Question

Find \(d y / d u, d u / d x\), and \(d y / d x\). $$ y=2 \sqrt{u}, u=5 x+9 $$

Short answer

The derivatives are \(d y / d u = 1/\sqrt{u}\), \( d u / d x = 5 \) and \(d y / d x = 5/\sqrt{5x+9}\).

Step-by-step solution

Derivative of y with respect to u

The first part is to find \(d y / d u\). The original function given is \(y=2\sqrt{u}\). The rule for derivative of \(\sqrt{u}\) with respect to \(u\) is \(0.5/\sqrt{u}\). So, \(d y / d u = 2*0.5/\sqrt{u} = 1/\sqrt{u}\).

Derivative of u with respect to x

The next step is to calculate \(d u / d x\). The function given is \(u=5 x+9\). The derivative of \(x\) with respect to \(x\) is \(1\) and constant vanishes after being differentiated, so \(d u / d x = 5\).

Derivative of y with respect to x

To find \(d y / d x = d y / d u * d u / d x\) by applying the chain rule. So substituting the values derived above, \(d y / d x = 1/\sqrt{u} * 5 = 5/\sqrt{u}\).\nRemember, \(u\) is actually \(u=5 x+9\), substituting \(u\) back into the derivative gives the final answer \(d y / d x = 5/\sqrt{5x+9}\).

Key concepts

Understanding the Derivative

A derivative represents the rate at which a function is changing at any given point. It's like looking at the speed of a car at a specific moment. In the context of our exercise, what we're interested in is how rapidly the function changes. More specifically, we started by looking at the derivative of the function \( y = 2\sqrt{u} \) with respect to \( u \).

Let's break it down: the derivative of \( \sqrt{u} \) with respect to \( u \) is \( \frac{1}{2\sqrt{u}} \). This is because the power rule tells us how to handle expressions like \( u^{1/2} \). Remember, the power rule involves bringing down the exponent as a coefficient and then reducing the original exponent by one. Applying that rule here gives us \( \frac{1}{2}u^{-1/2} \), which translates to \( \frac{1}{2\sqrt{u}} \).

• For \( y = 2\sqrt{u} \), multiply \( 2 \) by \( \frac{1}{2\sqrt{u}} \) to yield \( \frac{1}{\sqrt{u}} \) as the result for \( \frac{dy}{du} \).

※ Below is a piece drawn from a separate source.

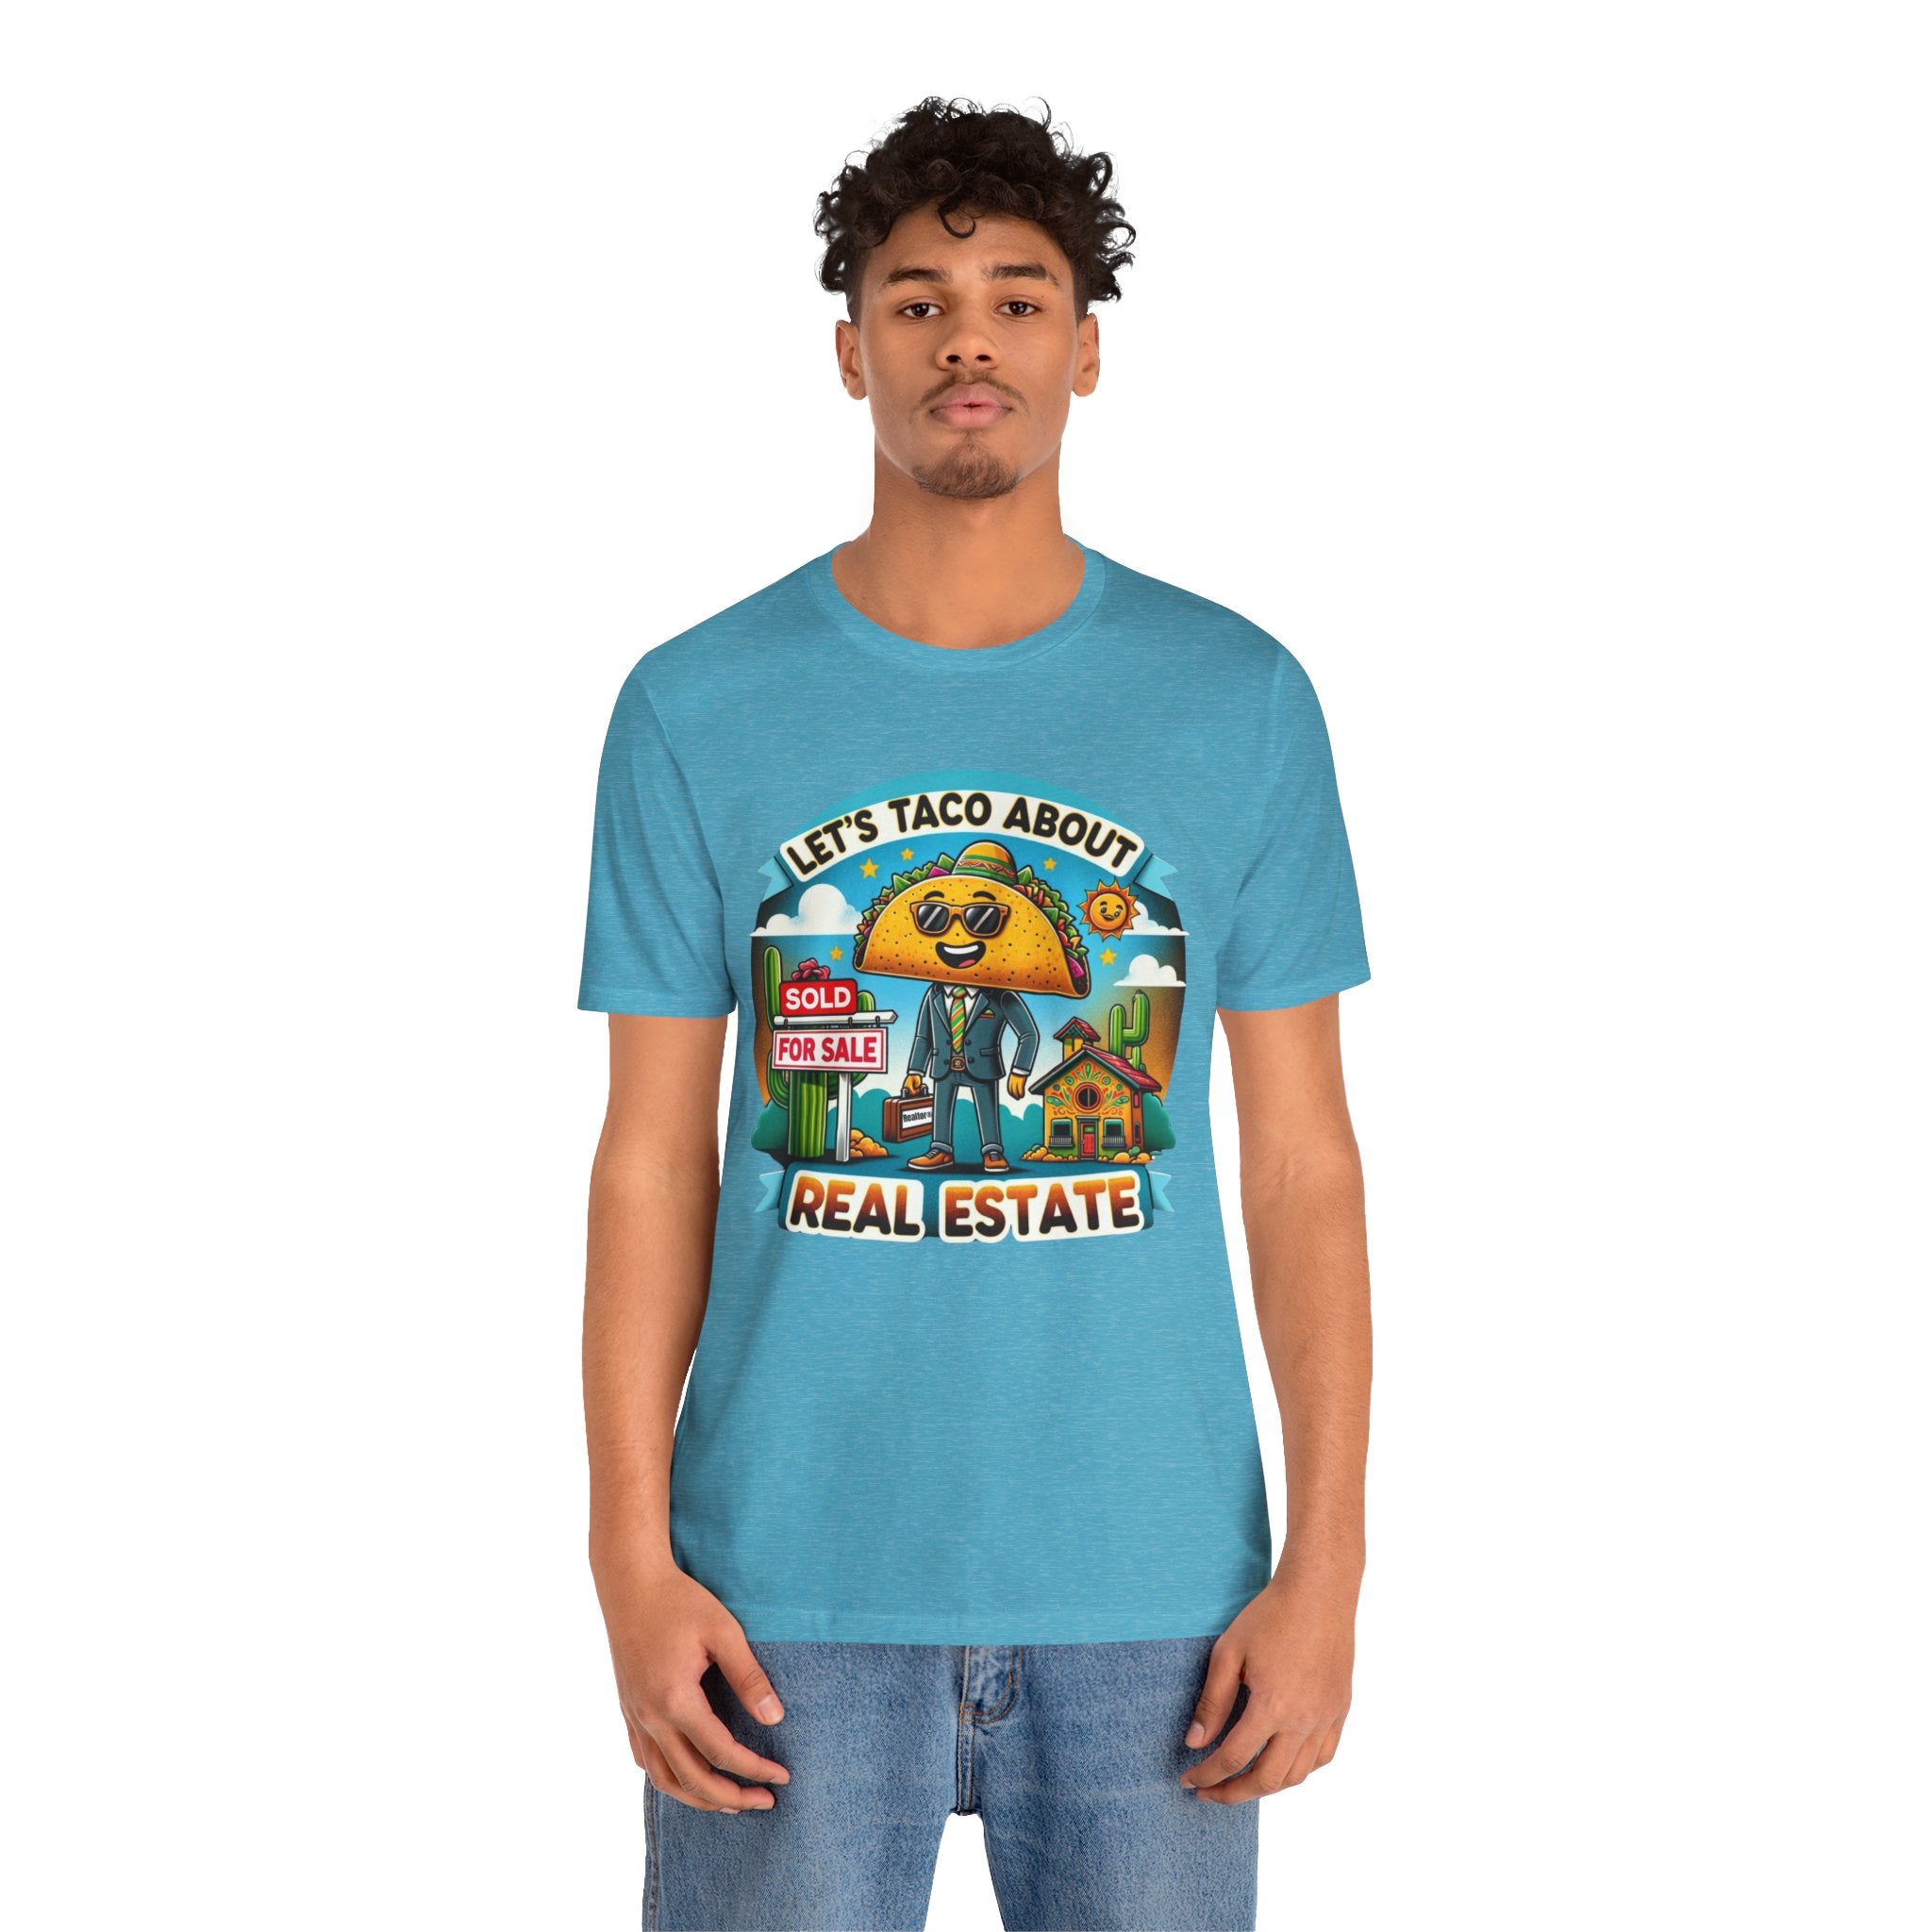 Lets Taco About Real Estate - Unisex Jersey Short Sleeve Tee

So, \( \frac{dy}{du} \) tells us how \( y \) changes with \( u \). It's all about rates of change.

Concept of Composite Functions

Composite functions involve applying one function to the result of another. Think of it as a series of steps where the output of one "machine" becomes the input of another.

In the original problem, we found ourselves dealing with \( y = 2\sqrt{u} \), where \( u = 5x + 9 \). Here, \( y \) is a function of \( u \), and \( u \) is a function of \( x \). Such nesting of functions is what gives us a composite function.

• Composite functions are essential because they allow the building of complex relationships from simpler ones.
• They necessitate applying the chain rule when finding derivatives, due to their layered nature.

This interconnected structure means that to understand the full story of how \( y \) changes with respect to \( x \), we need to consider both these layers of functions, i.e., \( y \) depending on \( u \) and \( u \) on \( x \). This brings us to the realm of differentiation through composite paths.

Differentiation and the Chain Rule

Differentiation is the process of finding the derivative, essentially uncovering the rate of change for functions. When functions are composite, differentiation requires a useful technique called the chain rule.

The chain rule is a formula for finding the derivative of a composite function. If you ever come across functions nested within each other, the chain rule is your go-to method. It's like peeling back layers of an onion, finding the derivative of each layer until you reach the innermost core.

In our exercise with \( y \) and \( u \), the chain rule lets us combine \( \frac{dy}{du} \) and \( \frac{du}{dx} \) to determine \( \frac{dy}{dx} \). The rule can be stated as: the derivative of the composite \( y(f(x)) \) is \( \frac{dy}{du} \times \frac{du}{dx} \). In simpler terms, it's the product of the derivative of the outer function evaluated at the inner function times the derivative of the inner function.

• For our case, \( \frac{dy}{dx} = \frac{1}{\sqrt{u}} \times 5 \).
• This carries through as \( \frac{5}{\sqrt{5x + 9}} \) once you substitute \( u = 5x + 9 \) back in.
• This answers how \( y \) finally changes relative to \( x \).

Through these steps, the chain rule simplifies and makes the differentiation of complex functions much more manageable.